Directions -
Give back the full listing, character for character, with no pictures.

Available data -
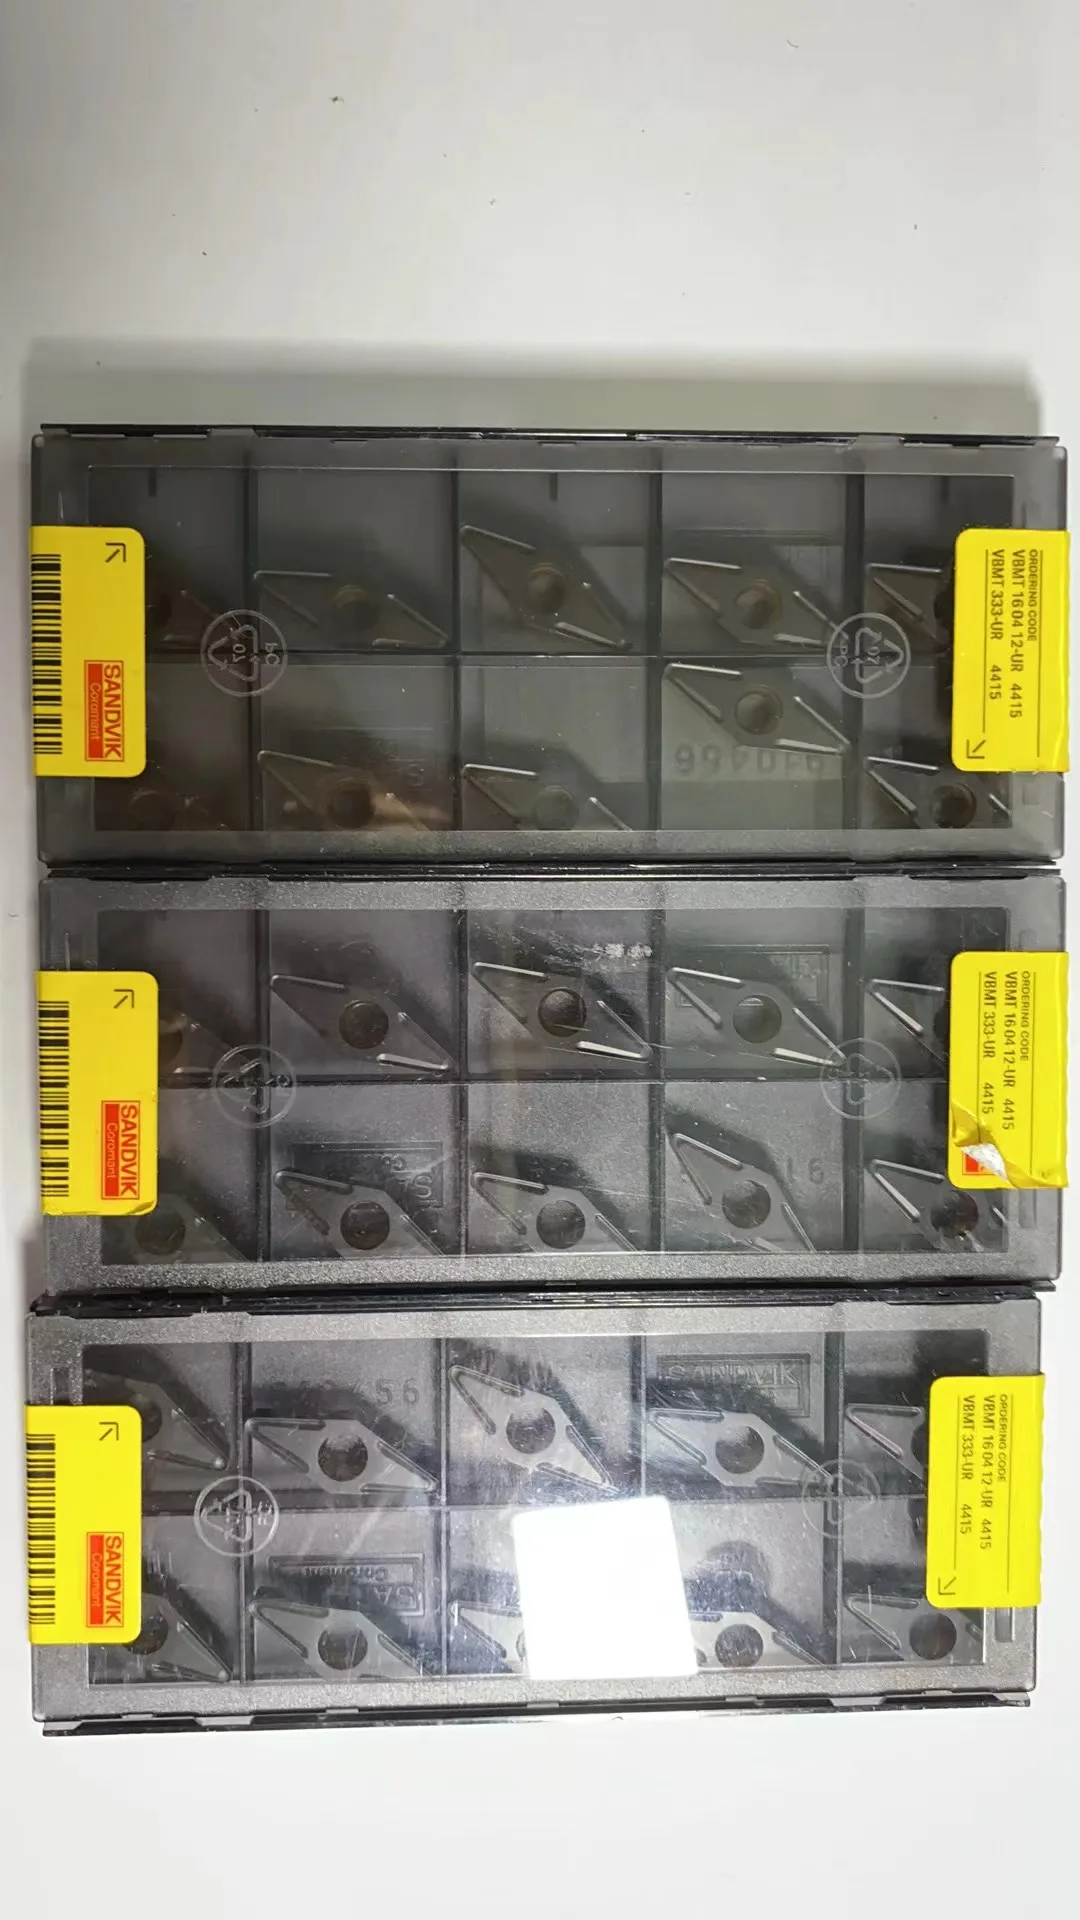 

CNC blade VBMT160412-UR 4415 clearance special price, original and authentic, only 3 boxes
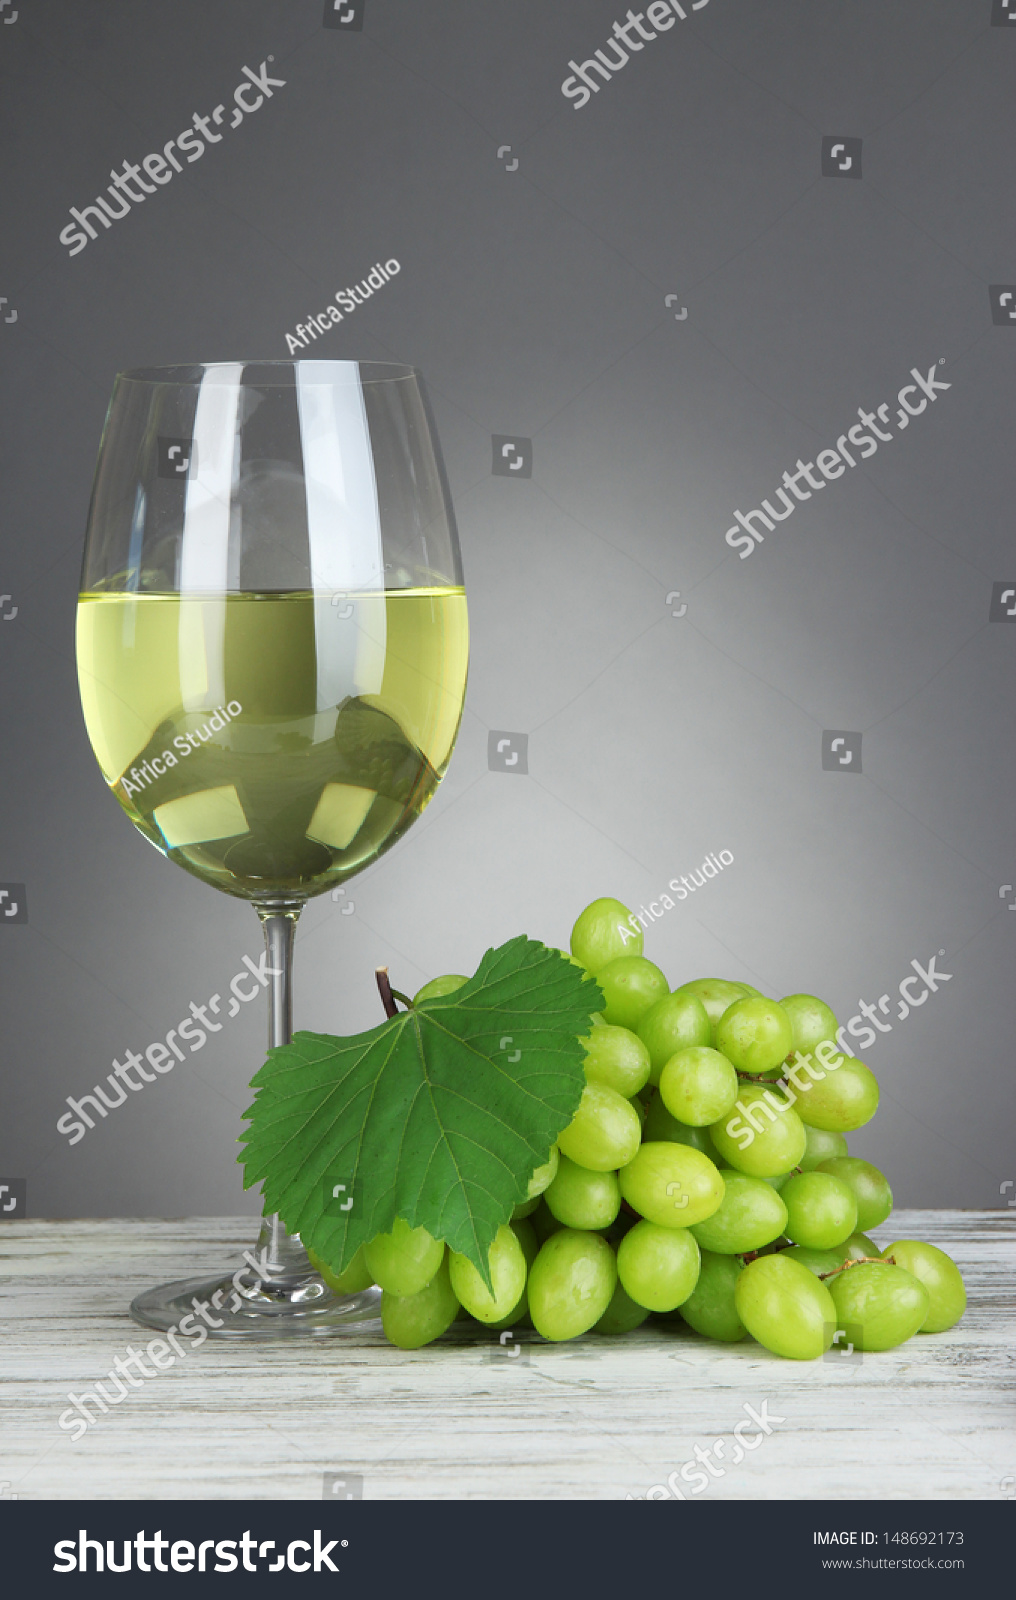 Ripe delicious grapes with glass of wine on table on gray background #148692173
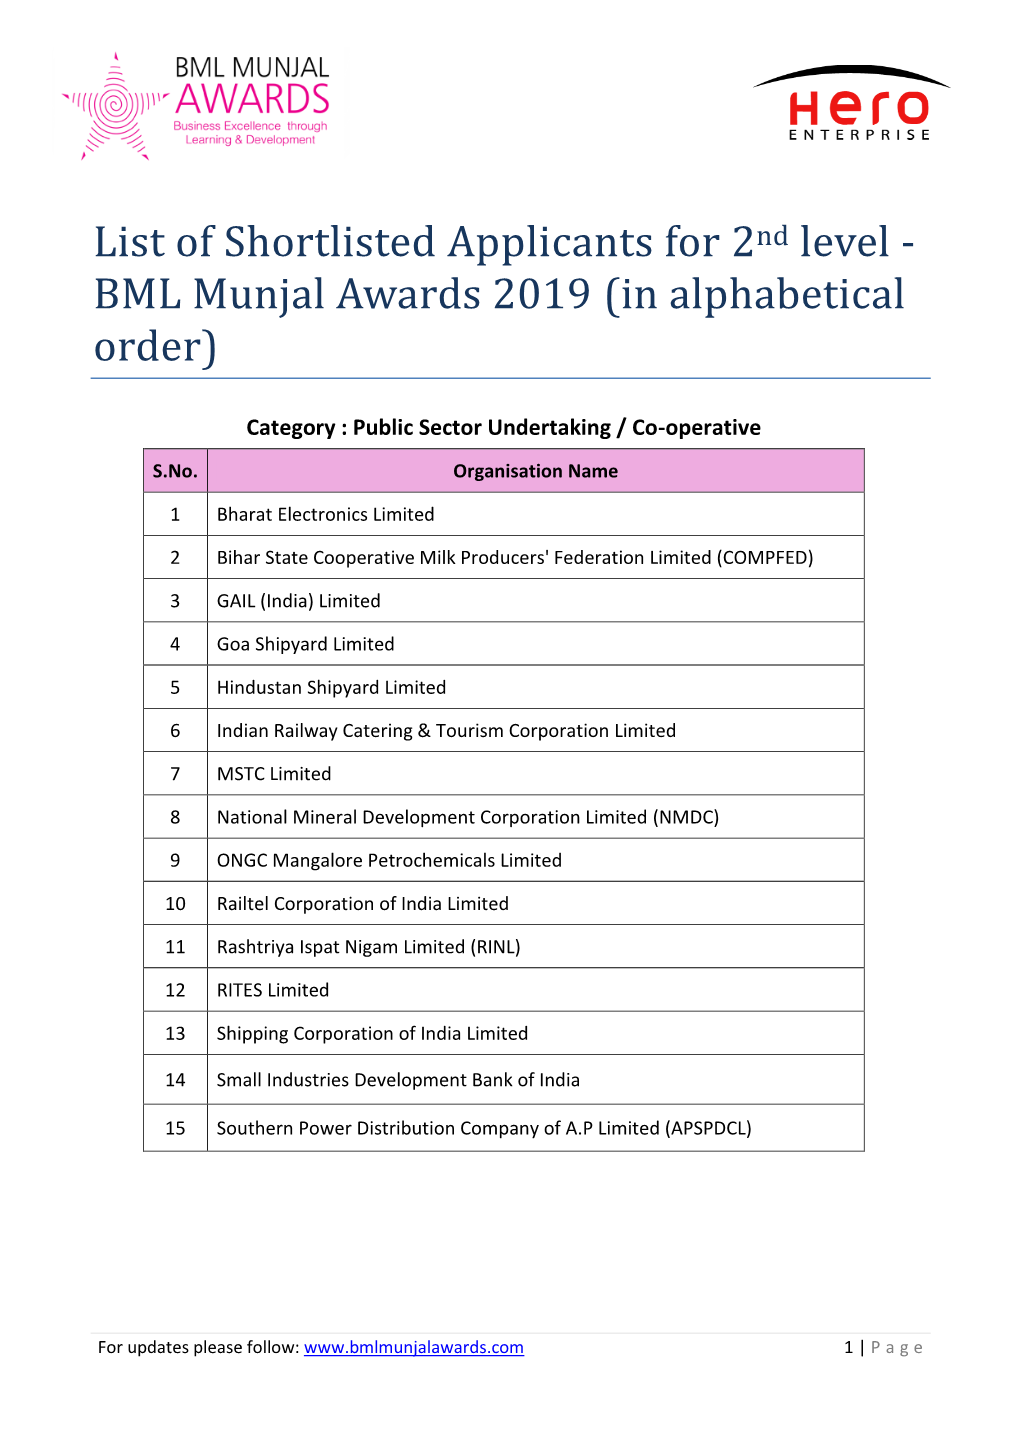 List of Shortlisted Applicants for 2Nd Level - BML Munjal Awards 2019 (In Alphabetical Order)

Output of the exercise -
CNC blade VBMT160412-UR 4415 clearance special price, original and authentic, only 3 boxes
 Ripe delicious grapes with glass of wine on table on gray background #148692173
 List of Shortlisted Applicants for 2Nd Level - BML Munjal Awards 2019 (In Alphabetical Order)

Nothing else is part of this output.